世界を「数字」で回してみよう(34) 人身事故:「人身事故での遅延」が裁判沙汰にならない理由から見えた、鉄道会社の律義さ (6/11)

[江端智一,EE Times Japan]

ツッコミどころ満載な判決文

 だって、この法律を制定した行政機関(法務省)も、それを承認した立法機関(国会)も、その国会議員を選出した私たち国民も、「首吊りは苦しくない」って、知りようがないじゃないですか。

 だから、今回、私、できるだけキチンと調べてみました。

 実際、この話は、日本国憲法の施行時から、死刑制度との関係でずっと争いがあります。

 最近でも、実際の死刑判決に際して、「死刑の方法(絞首刑)が残酷であるので、死刑は憲法違反である」という理由で、死刑を無効とする旨を求める裁判がありました(絞首刑に関する裁判員裁判の控訴審判決[2013年7月31日大阪高裁判決])。

 しかし、あらためて、司法は「絞首刑は残虐な刑罰ではない」と判示しています。

 ではここで、判決文の内容から「絞首刑は残虐な刑罰ではない」のロジックを簡単にご紹介したいと思います(ここでは、昭和23年、30年の最高裁判決にも言及している、上記の大阪高裁判決を引用します)。

  • 昭和23年最高裁判決文ざっくり要旨(参考

(1)「火あぶり、はりつけ、さらし首、釜ゆで」は、精神的、肉体的苦痛を与えることを目的としているから残虐である→(2)しかし、絞首刑にはそのような要素はない→(3)従って、絞首刑は残虐ではない

  • 昭和30年最高裁判決文ざっくり要旨(参考

(1)他国の死刑制度においても、絞殺、斬殺、銃殺、電気、ガス、各種の方法がある。これには一長一短がある→(2)では、「絞首刑」がこれらと比べて、突出して残酷といえるところがあるか?→(3)そんなことはない→(4)従って、絞首刑は残虐ではない


 いやいや、そうじゃないだろう ―― と、判決文に突っ込んでしまいました。

 私が知りたいのは「苦痛」の方です。一応、両方の判決文の全文を読みましたが、「苦痛」の文字はひと言もでてきません。

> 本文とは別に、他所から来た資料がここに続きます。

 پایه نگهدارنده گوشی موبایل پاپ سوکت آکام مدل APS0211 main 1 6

 しかし、これは興味深い内容です。「残虐」が「苦痛」とリンクして論じられていないということは、「苦痛」は残虐の要素として考えられていない(あるいは無視されている)と見ることもできるからです。

 昭和23年、25年の判決文に対して、2013年の判決文は、まさに、この「苦痛」(判決文の中では「医学的見地から見て、死刑囚本人に不必要な苦痛及び身体損傷」)に言及しています。

  • 2013年大阪高裁判決のざっくり要旨

(1)日本の絞首刑はただの「首吊り」ではなく、受刑者を高いところから落す「ロングドロップ式」である

(2)死因は「(a)脳への血液の停止」「(b)窒息」「(c)頭部切断」「(d)脊髄損傷による全身マヒ、呼吸困難」と見なされる。

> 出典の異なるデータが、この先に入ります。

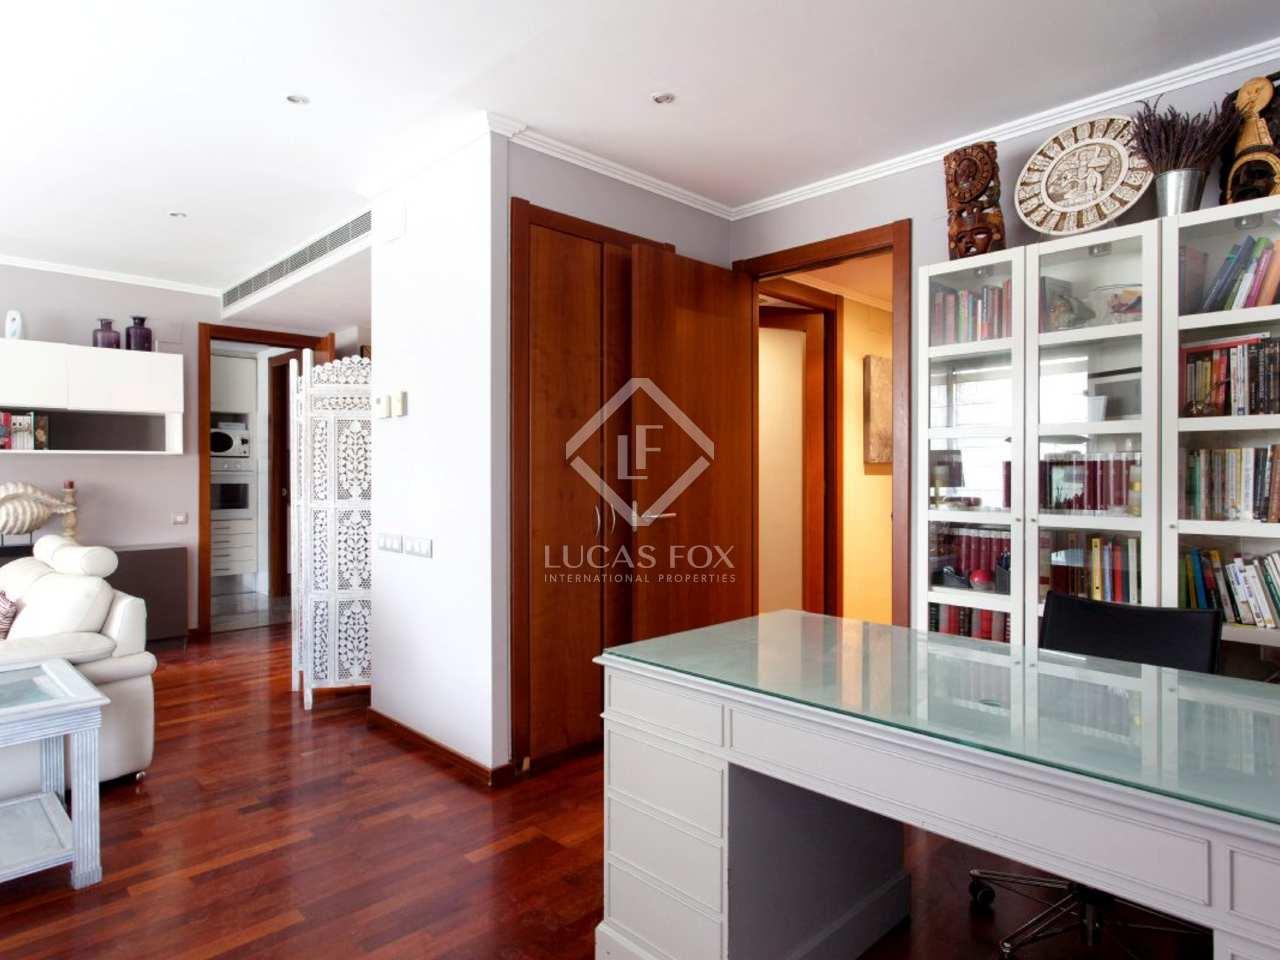 Apartment for sale in turo parc barcelona city zona alta - Zona alta barcelona ...

(3)上記(a)の血流停止ならなら約5秒で失神、(b)の窒息なら約1分で失神と考えられている。その後、死亡に至るのにざっくり5分かかっている。

(4)上記(b)の1分間というのは、苦痛としては十分に長い時間かもしれないが、そのへんは「絞縄の長さや結び目の位置の調節などの手順が適切(原文ママ)」にされていれば、「5秒コース」とできるはずである。

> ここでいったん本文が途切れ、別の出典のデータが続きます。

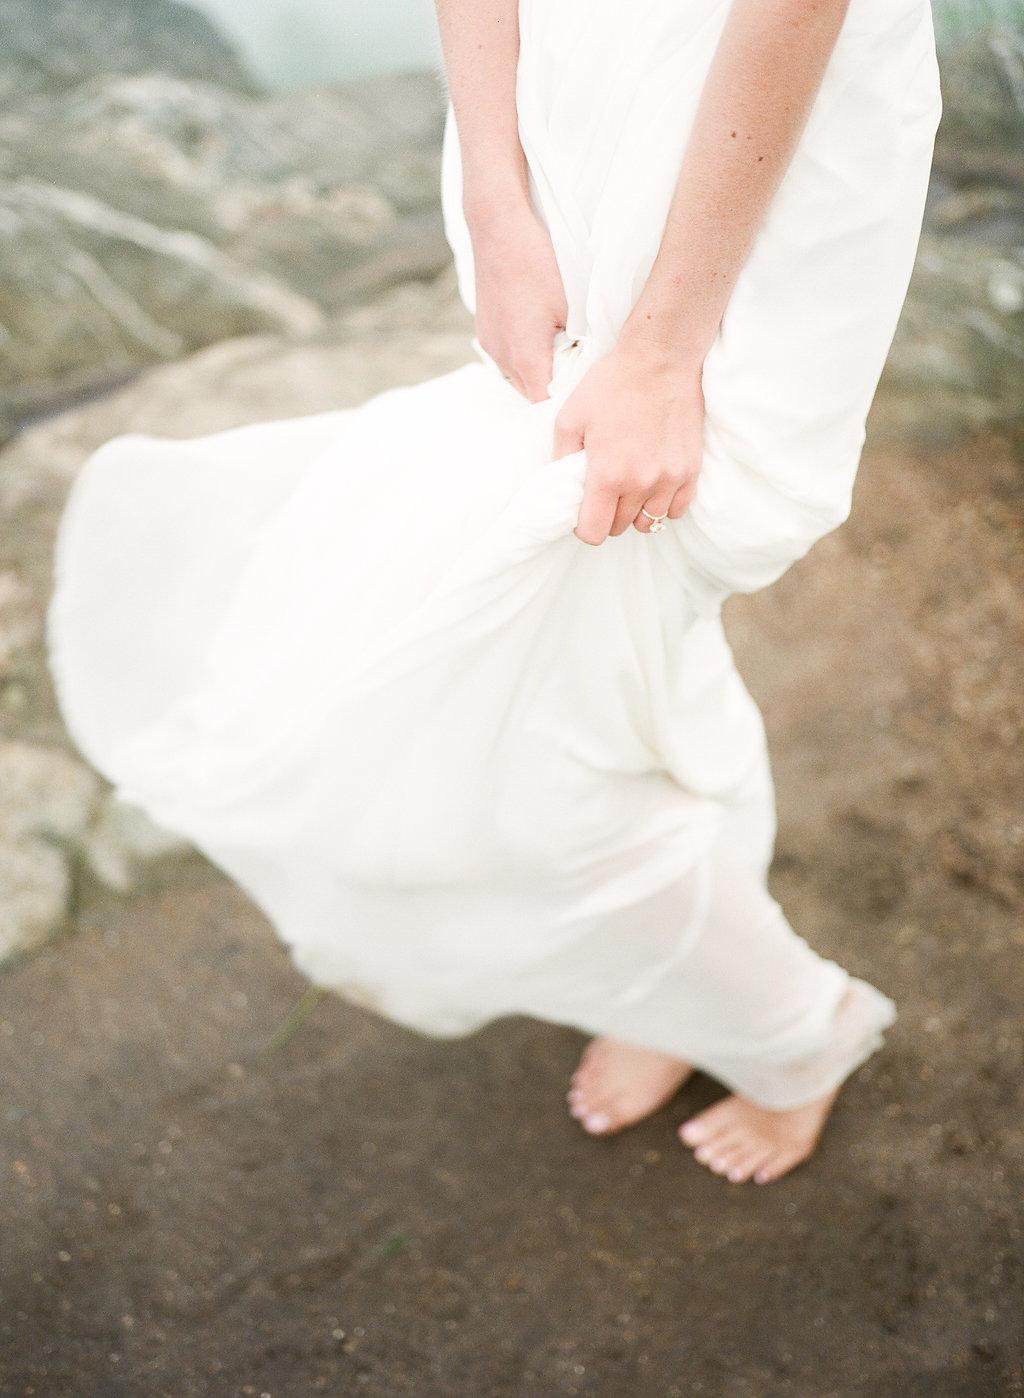 josie-photographs-urban-petals-mountain-wedding-north-carolina-mountain-wedding-ivory-and-beau-bridal-boutique-savannah-wedding-dresses-savannah-bridal-boutique-savannah-wedding-gowns-sarah-seven-lafayette-sarah-seven-wedding-dress-boho-bride-23.jpg

(5)その辺りは、「昭和25年から平成22年までの間、全国の執行施設において合計571回にわたり安定的、継続的に刑の執行が行われており、相応の実績が積み重ねられている(原文ママ)」

 この判決の前までは、絞首刑は、意識を失うまでの時間が「瞬時(0秒)」が定説だったのですが、2013年判決では「(最低)5秒」と修正されているようです。

 その「5秒間の苦痛」をどう評価できるのかは、結局のところ自分で試してみないと分からない、が、答えになってしまうのです。

 仮に、上記の判決文の内容が真実だったとしても、まだ問題があります。

 というのは、

  • 苦痛を減らすための知見もあり、周到に準備もされ、そして何より、一定の重力落下による衝撃力を使える「ロングドロップ式」による「絞首刑」と、
  • 苦痛軽減のノウハウも、マニュアルもなく、そして何より、ぶら下がるだけしか方法がない、素人の人生最初で最後の「首吊り自殺」を、

同じ比較対象として論じることができるとは思えないからです。

 なにしろ私たちは、死刑執行にノウハウを有するプロフェッショナルではなく、死に至る技術を持たない、しかも、たった1回がラストチャンスという素人なのです。

 そんな素人の「首吊り自殺」は、5秒よりも、1分よりも、もっと長時間、苦しんでいる可能性も否定できません。

 というわけで、―― 電車よりも、ロープを使った方がラクですよ ―― と、確信を持って言える証拠は、今のところ見つかっていないというのが実情です。

 ただし、例えば「首つりによる苦痛を計測してくれ」という依頼がどこかからあれば、直ちに測定チームを立ち上げ、考えうる最高の測定機器(カメラ、スキャナー)を取りそろえ、身体のありとあらゆる部位に、各種のセンサーを取り付けて、必ずや、「首吊り」の苦痛を定量的に計測してみせるつもりです。